DPR Kawal Persiapan Haji 2026, Kemenhaj Dihadapkan pada Ujian Perdana

Hajiumrahnews.com – Penyelenggaraan ibadah haji 2026 akan menjadi ujian perdana bagi Kementerian Haji dan Umrah (Kemenhaj), lembaga baru hasil pemisahan dari Kementerian Agama. DPR RI melalui Komisi VIII menegaskan akan terus mengawal persiapan agar layanan bagi jemaah tetap optimal, termasuk melalui pembahasan Panitia Kerja (Panja) Haji.

Anggota Komisi VIII DPR RI, Selly Andriany Gantina, menyampaikan bahwa meskipun Panja Haji belum terbentuk, langkah antisipasi sudah dilakukan. Salah satunya melalui transfer dana sebesar Rp2,7 triliun oleh Badan Penyelenggara Haji (BP Haji), yang kini melebur ke dalam Kemenhaj, untuk pembayaran uang muka layanan tenda, transportasi, dan akomodasi di Masyair serta Armuzna.

“Panja Haji DPR RI sebenarnya belum terbentuk meskipun BP Haji melakukan transfer sebesar Rp2,7 triliun sebagai pembayaran DP. Pembayaran itu karena ada tenggat layanan. Kami dari DPR, khususnya Komisi VIII, menyepakati ini agar tidak kehilangan posisi strategis di Arab Saudi,” ujar Selly, Minggu (28/9).

Meski DPR akan segera memasuki masa reses, Selly menegaskan bahwa pembahasan Panja tetap bisa digelar jika mendapat persetujuan pimpinan DPR. Ia juga menekankan pentingnya percepatan pembahasan Biaya Penyelenggaraan Ibadah Haji (BPIH) 2026 agar pemerintah segera menetapkannya, sehingga jemaah bisa cepat melakukan pelunasan.
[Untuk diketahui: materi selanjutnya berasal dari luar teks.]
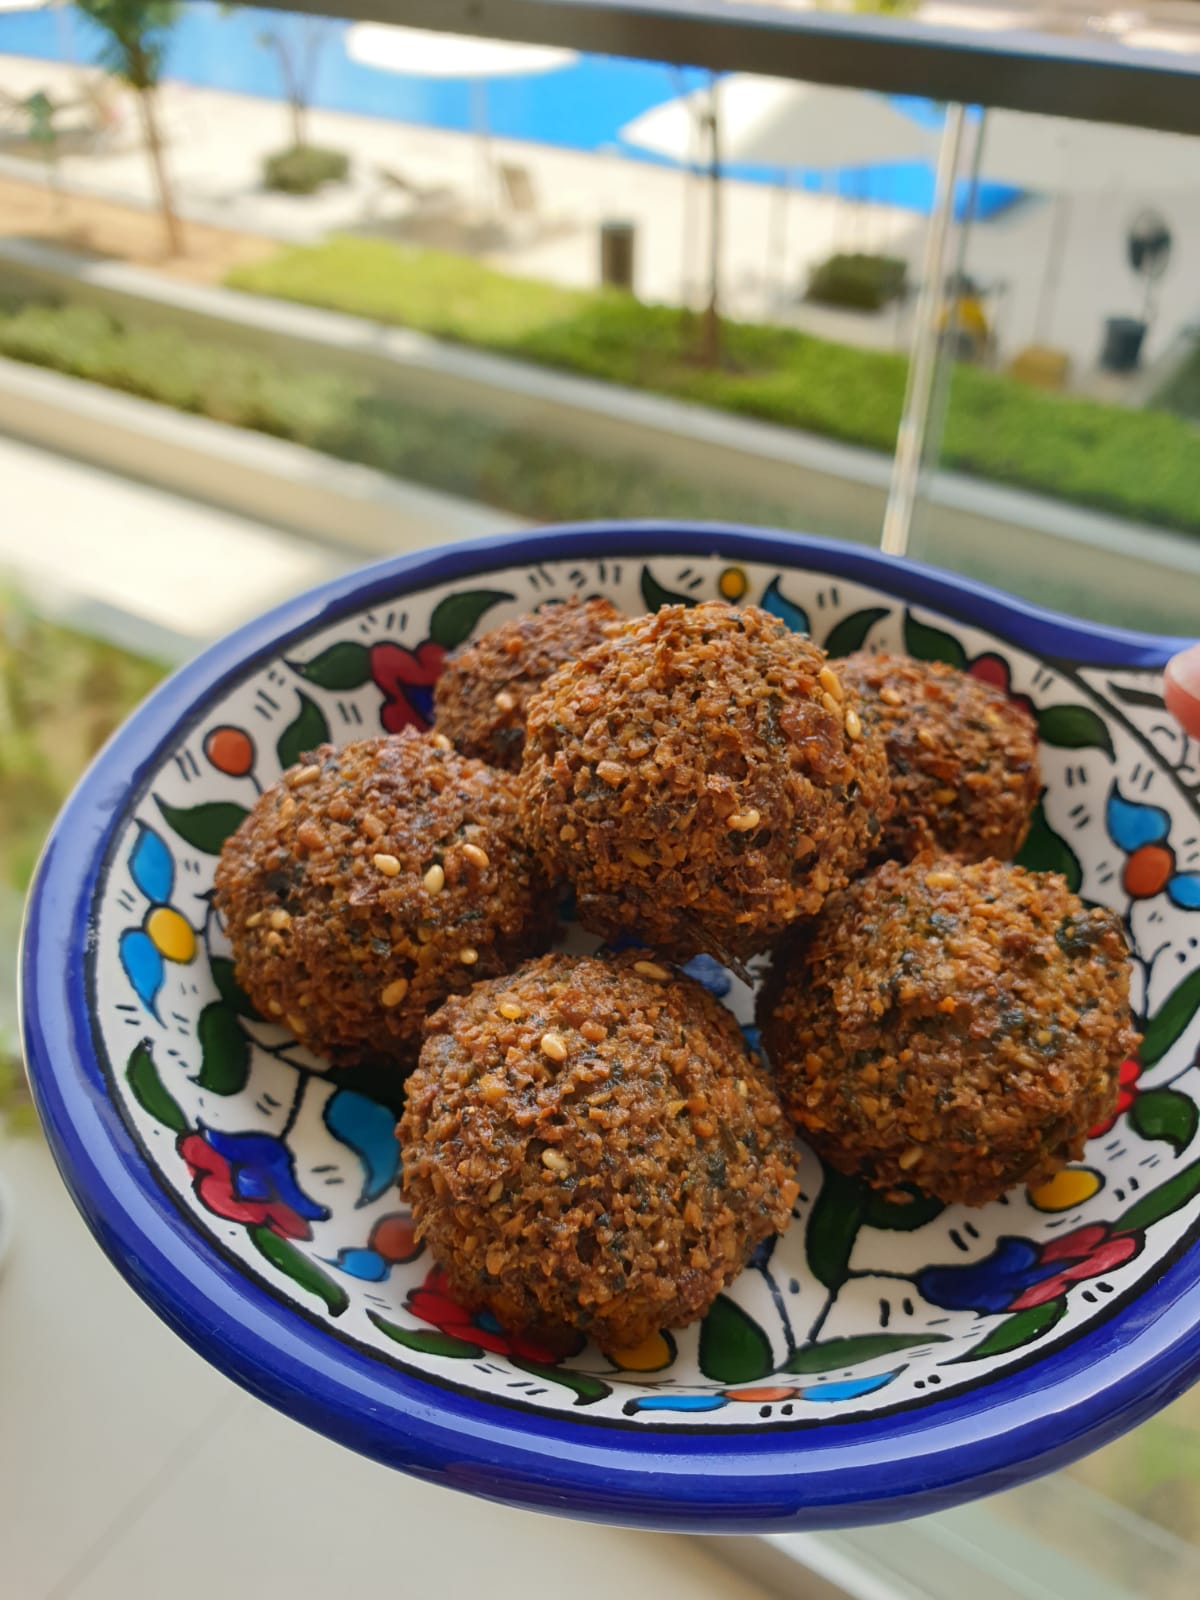 KAVE – Falafel Pop Up By Haya’s Kitchen
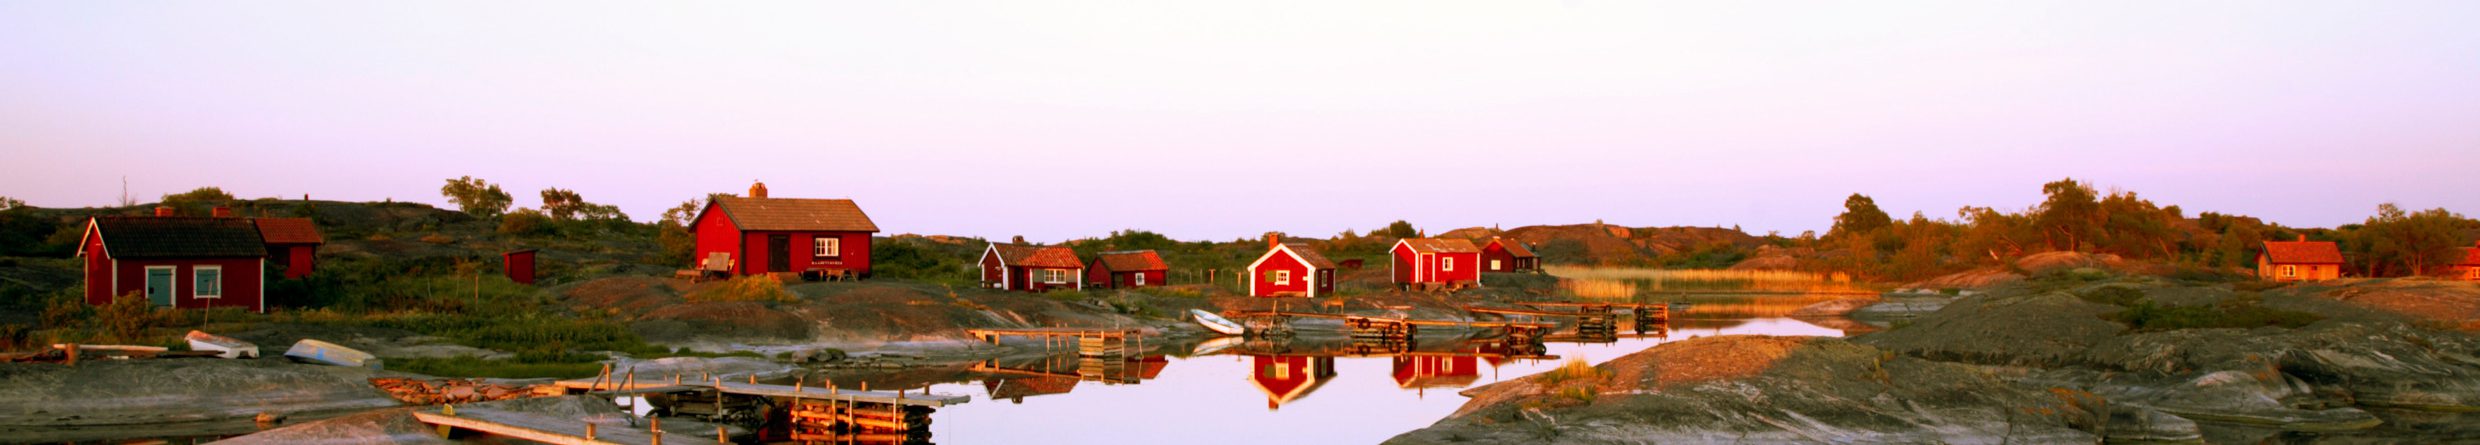 Schäreninseln vor Stockholm in Schweden Urlaub auf den Schäreninseln: Ein Ferienhaus am Meer an der Ostküste vor Stockholm

Revisi UU Haji Jadi Rujukan

Selly menekankan bahwa Panja BPIH harus bekerja selaras dengan implementasi revisi UU No. 8 Tahun 2019 tentang Penyelenggaraan Ibadah Haji dan Umrah, yang telah disahkan pada 26 Agustus 2025.

“Kami tidak ingin adanya kekosongan fungsi layanan. Tentunya ini menjadi tantangan besar sebab harus dilakukan secara cepat dan tepat. Kami ingin memastikan perubahan aturan tidak berdampak buruk pada hak jemaah, layanan, ataupun kontinuitas penyelenggaraan haji dan umrah,” katanya.

Ia menambahkan, revisi UU tersebut menuntut percepatan penyusunan aturan turunan agar pelaksanaan haji tidak terhambat. “Undang-undang hanya mengatur hal-hal pokok, maka aturan teknis seperti tata kelola kuota, standar pelayanan minimal, penggunaan BPIH, maupun mekanisme pengawasan harus segera disusun. DPR mendorong pemerintah agar tidak menunda penerbitan aturan turunan ini,” tutur Selly.

Konsolidasi Aset dan SDM

Selain regulasi, DPR juga menyoroti kebutuhan konsolidasi aset dan sarana prasarana dari Kementerian Agama ke Kemenhaj. Menurut Selly, hal ini mendesak agar tidak terjadi tumpang tindih kewenangan maupun hambatan teknis dalam penyelenggaraan haji.

“Gedung-gedung embarkasi haji, PLHUT, pusat pelatihan manasik, peralatan logistik, hingga kontrak kerja sama dengan mitra dalam dan luar negeri harus segera dialihkan agar seluruh sumber daya fisik, keuangan, dan manajerial terkonsolidasi di bawah satu kementerian yang fokus pada urusan haji dan umrah,” pungkasnya.

Dengan segala tantangan ini, Haji 2026 akan menjadi momen pembuktian pertama Kementerian Haji dan Umrah dalam menghadirkan penyelenggaraan ibadah yang aman, nyaman, serta sesuai harapan jutaan jemaah.